Язык мой...

Как начать эту маленькую историю длиной в человеческую жизнь, откровенно говоря, не знаю. Известно, что от первой фразы многое зависит, если не всё.
Она как скрипичный ключ в музыкальном опусе, задает тональность всему тому, что будет изложено дальше, определяет явный и скрытый язык повествования, а значит, понимание, а значит, и жизнь его героев…

Посмотрим, как начинались романы наших классиков. Вот «Война и мир» - описание салона мадам Шерер. Или у Куприна: «В середине августа, перед рождением молодого месяца..."
Так, значит, надо начинать с указания или места, или времени. Что ж, так и сделаю.

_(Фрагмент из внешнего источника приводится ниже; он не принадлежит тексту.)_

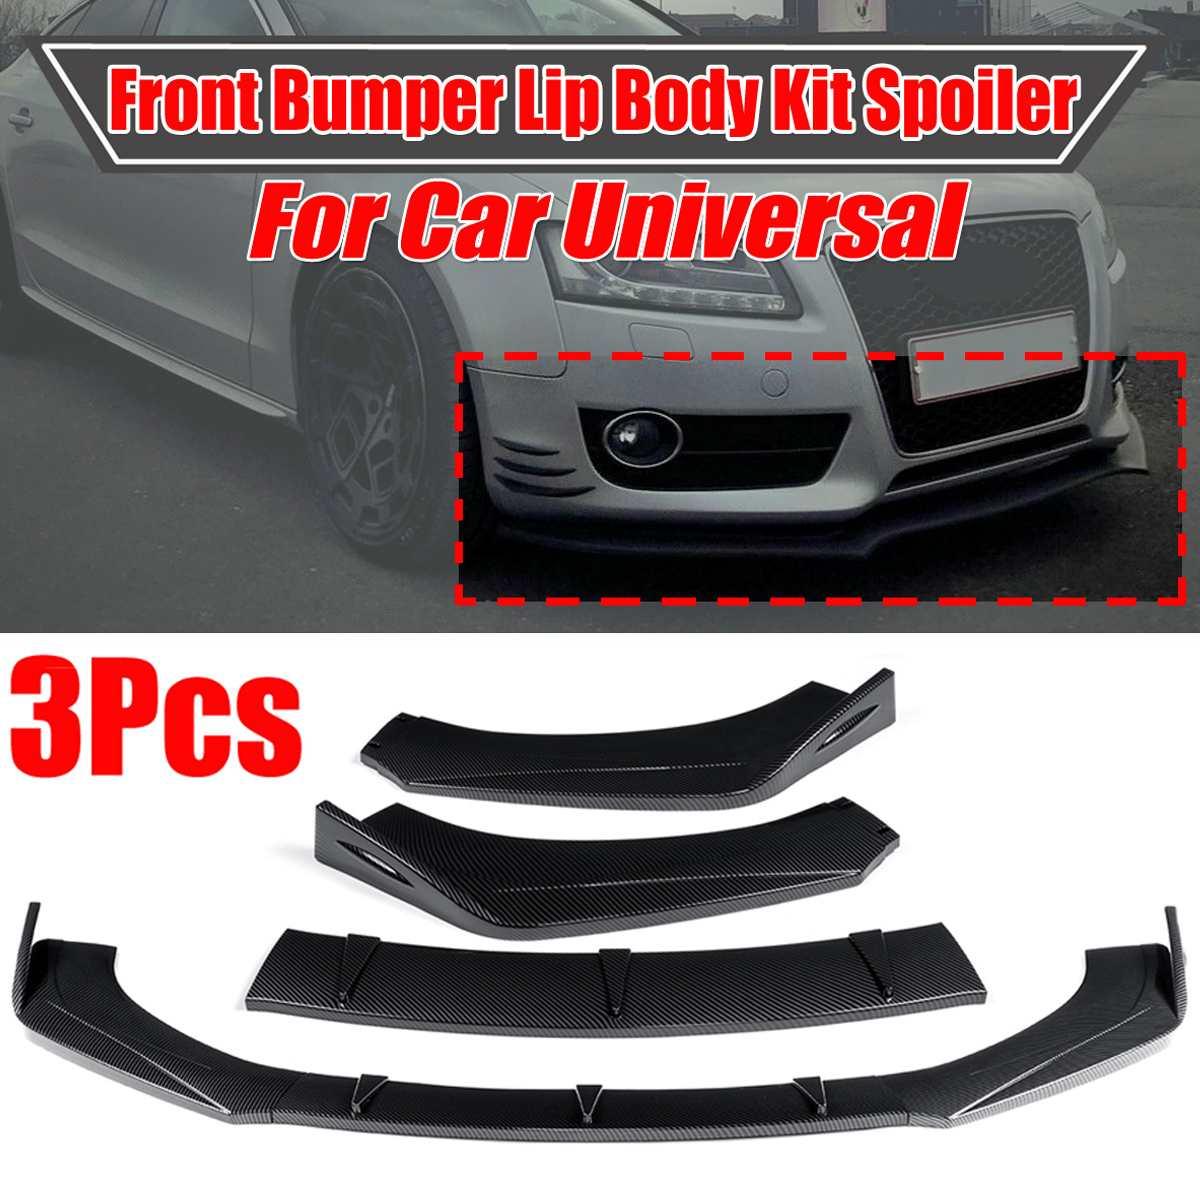 Nuevo Universal coche parachoques delantero divisor labio cuerpo Kit Spoiler difusor para Audi A5 Sline S5 RS5 09-16 para BMW para Benz para Mazad
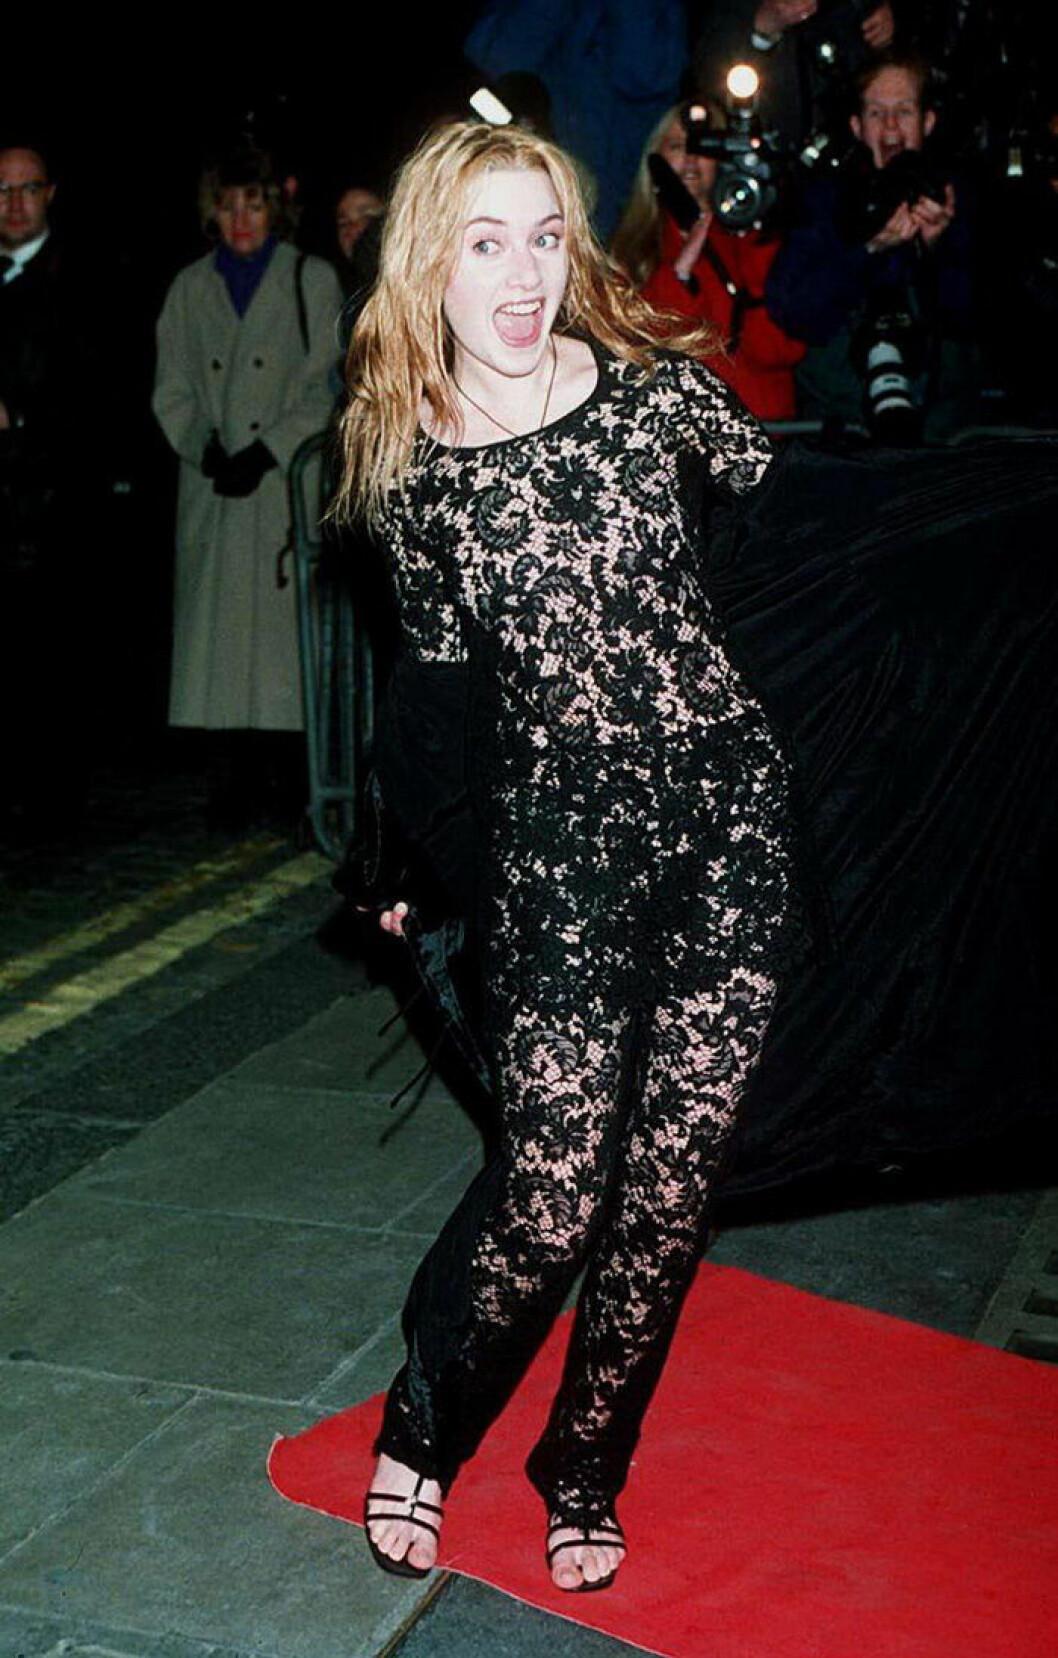 En bild på skådespelerskan Kate Winslet 1996.

Это, действительно, была осень. Еще не та глубокая и  мертвящая, с преобладанием черно-белого в природе, с искусственным огнём и теплом, а осень, еще живо помнящая о буйных соках и ярких красках совсем недавнего среднерусского лета.
 
Они прожили вместе тридцать три года. Да-да, совсем как та парочка из сказки о золотой рыбке. Да и жили примерно так же – на грани вечного развода.
Он – Виктор Иваныч – бывший - теперь уже - брюнет, но всё ещё импозантен, имеет широковатую шею и диплом о высшем техническом образовании, многоопытен как в своей стройке, где проработал всю жизнь, так и в сфере отношений с прекрасным полом. Происхождение разночинное – где-то кулаки, где-то военные, где-то почтовые работники и другая сфера обслуживания.

Она – Анна Петровна, почти красавица, если не всматриваться вблизи,  инженер проектного института,  не утратившая к своему бальзаковскому возрасту ни болтливости, ни стройности, а даже наоборот, слегка усохшая. Видимо, по причине стервозного характера. Так всегда отзывался о ней Виктор Иваныч, не скрывая сложных отношений с женой от окружающих. Он по обыкновению не выбирал выражений в разговорах ни с кем, разве что с самым высоким начальством – там, в верхах, как-то: администрация района, партком – он крякал  или издавал многозначительное «Гм», если ситуация казалась ему неоднозначной. В отношениях же с равными панибратства не допускал, тогда как сам мог позволить себе плохо завуалированное хамство и крепкое словцо, чаще всего, на букву «м». А про общение с подчиненными, которых было большинство в его профессиональной деятельности, говорить и вовсе не приходится. Язык здесь был уместен один – неформатный.

"Темные, тупые массы – да что они вообще могут соображать? – басовито возмущался Виктор Иваныч, - стадо баранОв! Блеют, а слова толком сказать не могут...".  Сам же завернуть спич при случае, особенно с дамами, мог виртуозно и по-своему харизматично.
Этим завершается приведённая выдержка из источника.